Ruch Chorzów nie przestaje stawiać na młodzież. W piątkowym meczu z Cracovią zadebiutował w Ekstraklasie utalentowany wychowanek Niebieskich Przemysław Bargiel, który został gorąco przyjęty przez publiczność na stadionie przy ul. Cichej 6. - Bardzo za to dziękuję, bo to dodało mi pewności siebie - mówi.
Przemysław Bargiel wszedł na boisko w 79. minucie, zastępując Tomasza Podgórskiego. W momencie debiutu miał 16 lat i 34 dni. - Na początku byłem w szoku, gdy mnie trener zawołał. Nie spodziewałem się, że dostanę aż tyle minut. Byłem na to jednak przygotowany mentalnie. Wiedziałem, że muszę być gotowy na każdą chwilę - opowiada "Bargi".
- Przemek potwierdził to, o czym się mówi od dawna. Jest utalentowanym zawodnikiem i zagrał te kilkanaście minut bez kompleksów, z czego jestem bardzo zadowolony. Moment na wejście nie był łatwy, bo przegrywaliśmy, natomiast Przemek był przygotowywany do tego debiutu już od stycznia. Wykonał wiele indywidualnych zajęć, sporo pracuje z trenerem ds. przygotowania fizycznego, bo to młody organizm, który potrzebuje ciągłego wzmacniania - zaznacza trener Waldemar Fornalik.
Bargiel wskoczył na trzecie miejsce w klasyfikacji najmłodszych debiutantów w barwach Ruchu w Ekstraklasie.

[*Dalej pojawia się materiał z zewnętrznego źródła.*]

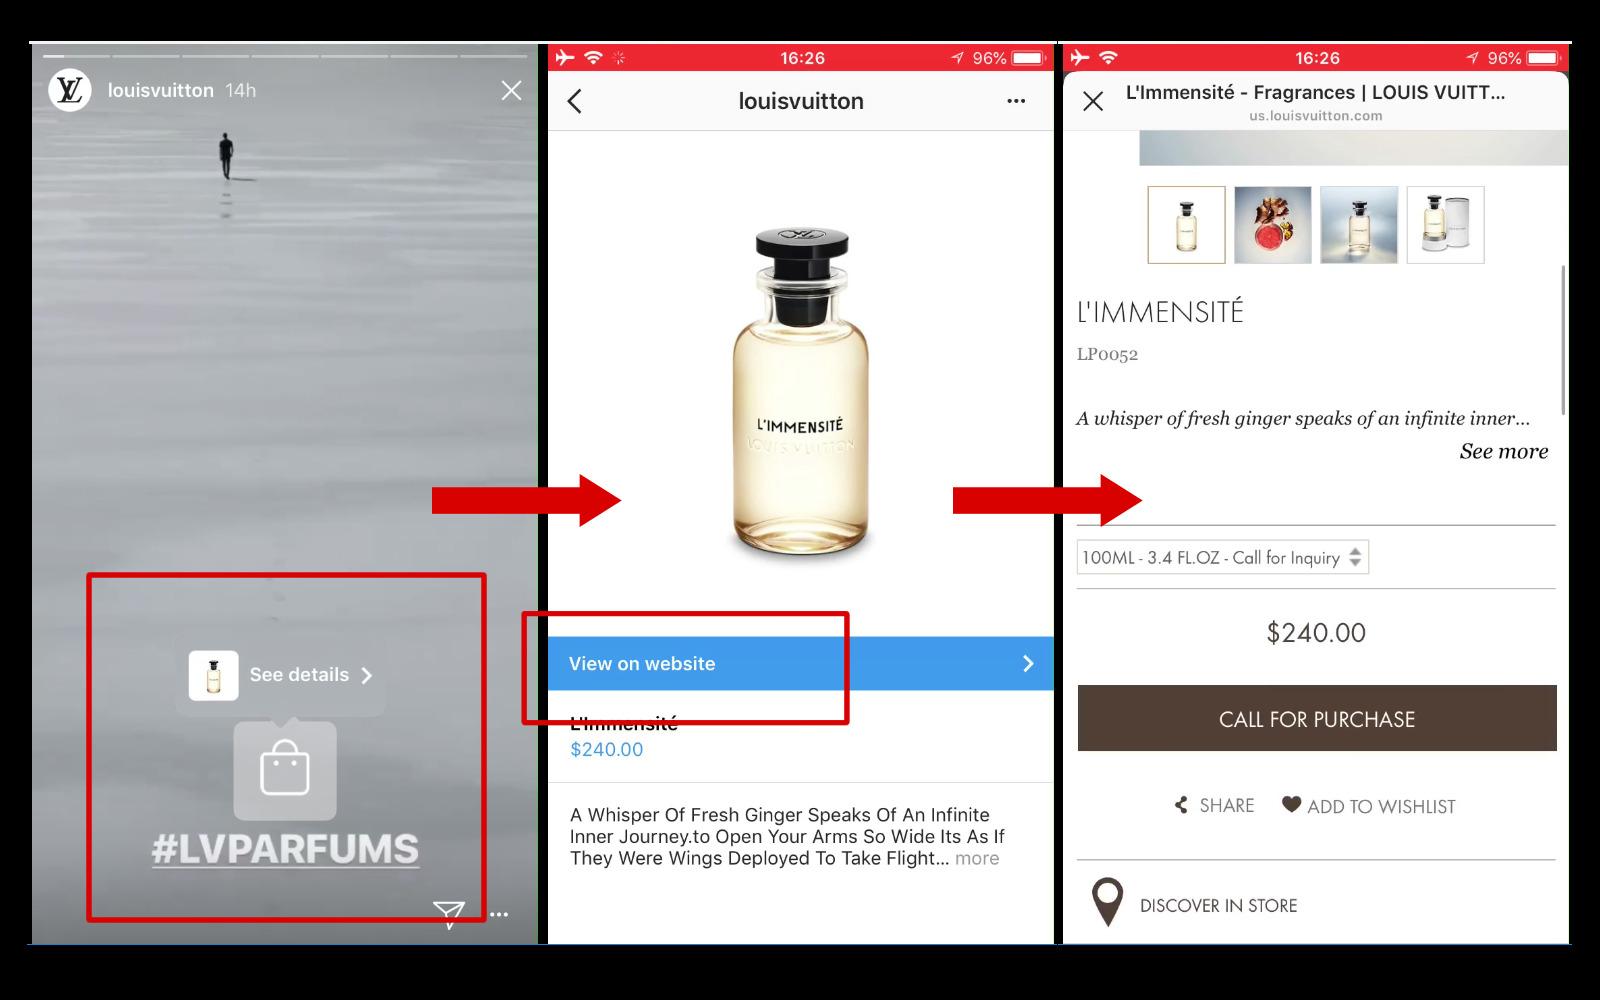 Instagramショッピング新機能!「ストーリーズにショッピングタグ投稿、直接販売」可能に!ルイ・ヴィトンAritziaに実装!Instagram最新情報、ニュース速報2018

Pierwsze miejsce zajmuje Krzysztof Kajrys, a drugie słynny Gerard Wodarz. - Chcę utrzymać stałą formę, żeby to nie był mój ostatni występ tutaj. Oczywiście chciałbym grać w pierwszym składzie, ale do tego trzeba się bardzo postarać i włożyć dużo pracy. Zobaczymy, jak to będzie z czasem. Ja jestem przygotowany i pewny siebie. Naprawdę wierzę głęboko - wskazuje "Przemo".